Small French Buildings

Coffin, Jr., Lewis A., Henry M. Polhemus and Addison F. Worthington. Small French Buildings: The Architecture of Town and Country, Comprising Cottages, Farmhouses, Minor Chateaux or Manors with their Farm Groups, Small Town Dwellings, and a Few Churches. New York: C. Scribner, 1921.

Small French Buildings is an English-language celebration of the French vernacular in Normandy, Brittany, the Cote d’Or and Dordogne. The book divides its collection of 183 plates into four sections by building type: Cottages, Churches and Chapels, Town Houses, and small Châteaux, Manors and other farm buildings. While it is unclear why certain buildings are highlighted in this volume, the images included provide access (though somewhat distilled) to the architecture of the everyday–where people lived, worked, played and dreamed. Published in 1921, this idealized vernacular, however uncluttered by its society, is a unique document in an era when art and architectural historians were generally concerned with the canon.

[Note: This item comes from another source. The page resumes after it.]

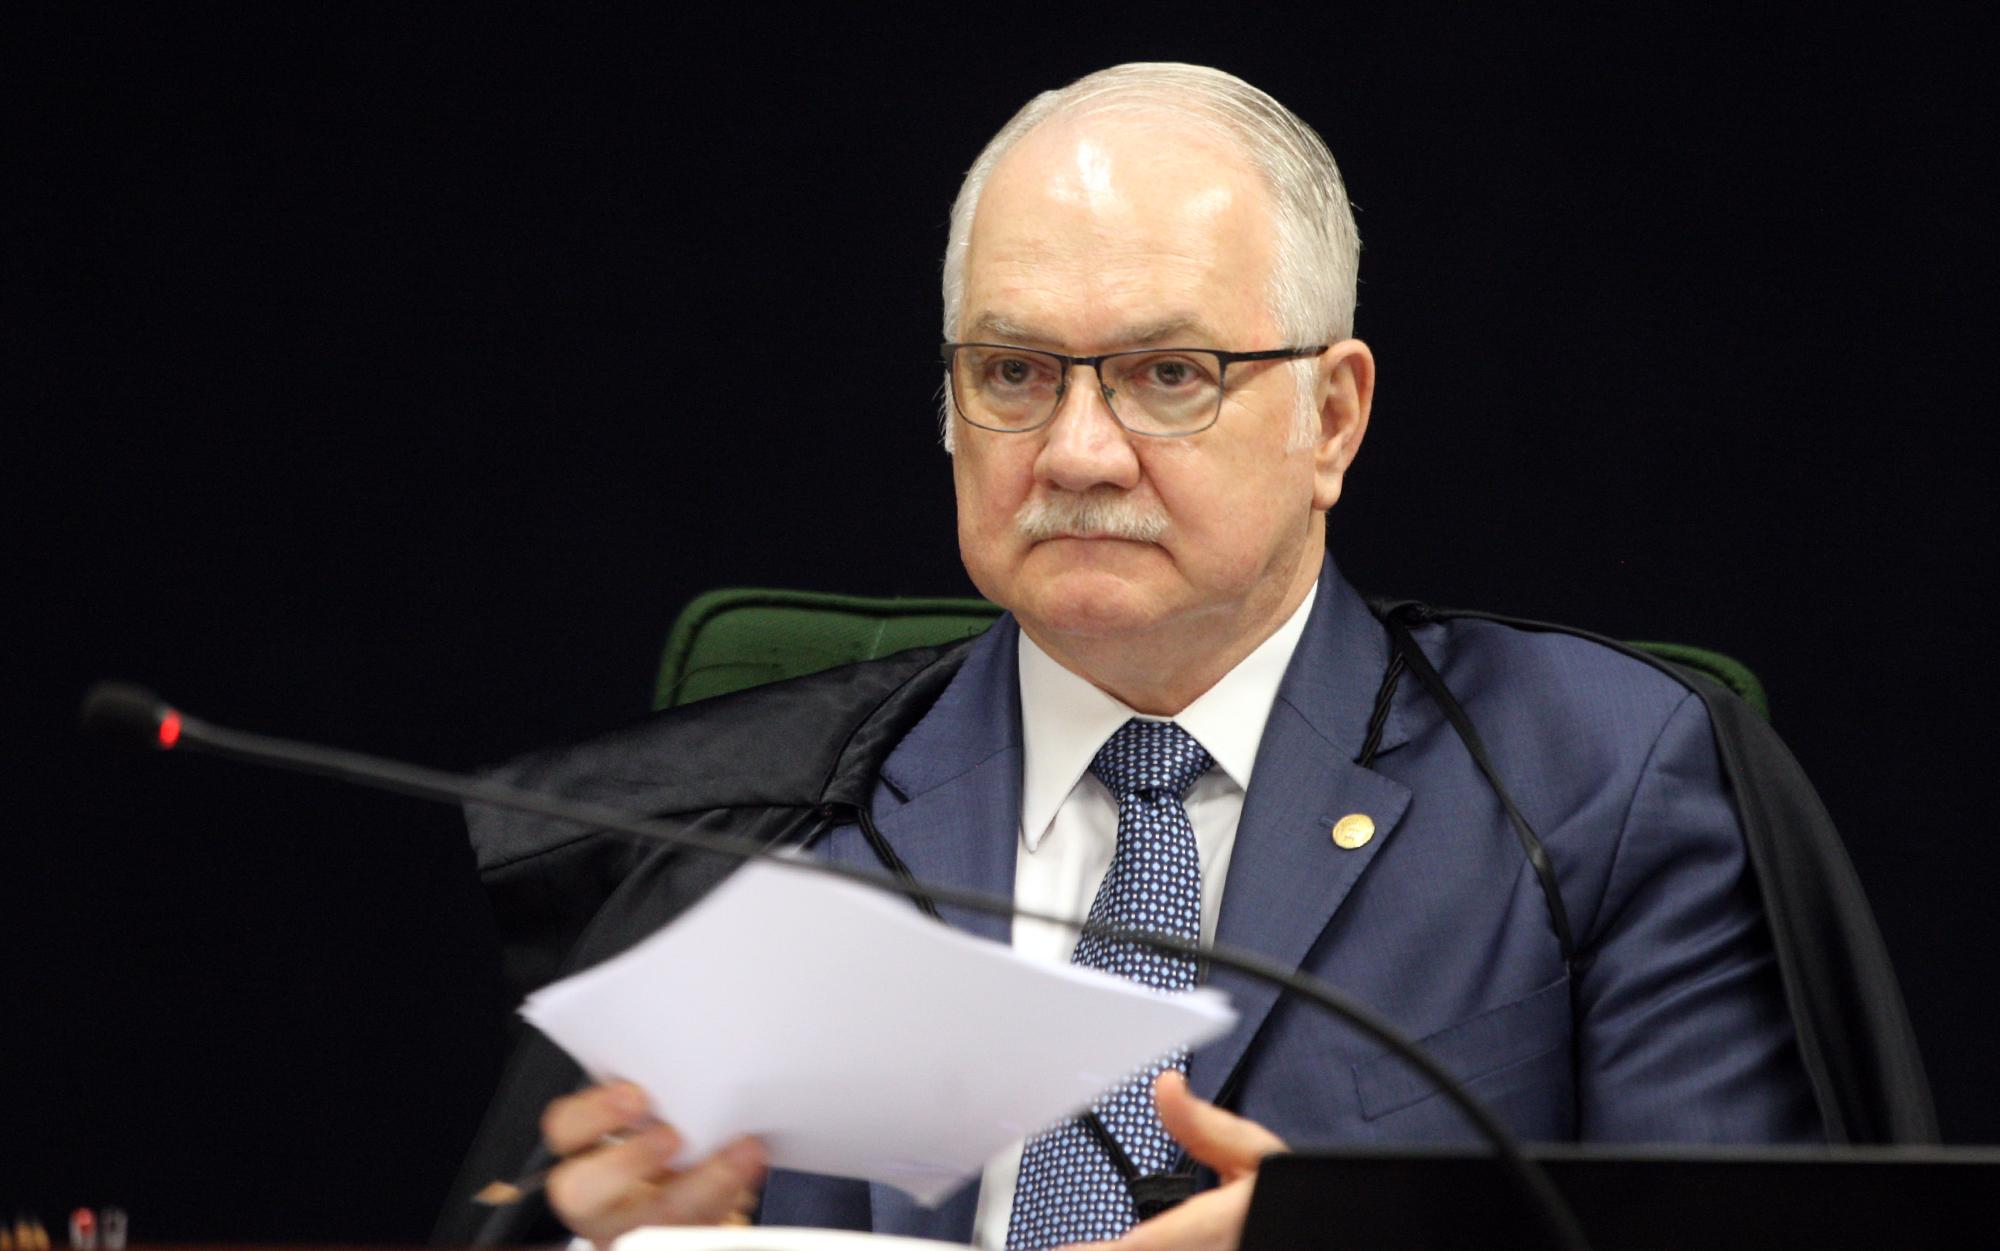 IMAGEM: O bolsonarismo corrompeu a democracia, segundo Fachin

Library of Congress call number: NA 1041 C6

2 thoughts on “Small French Buildings”

  1. Architects Lewis A Coffin and Henry M Polhemus, upon discharge from the military shortly after WWI, returned directly to Normandy where they served during the war because of their overwhelming love for the French architecture they’d discovered during deployment.

    This trip was to document and cronicle a small sample of the vast selection of notable French architectural styles that ultimately served as a springboard for much of their celebrated work, and ultimately contribute to the French Revivalist era of architecture in America during the 1920s and 1930s.

    The going was rough, as much of Normandy had suffered damage from the war and a great deal of the roads were destroyed making travel on bicycles the preferred, albeit awkward, method of travel for the partners.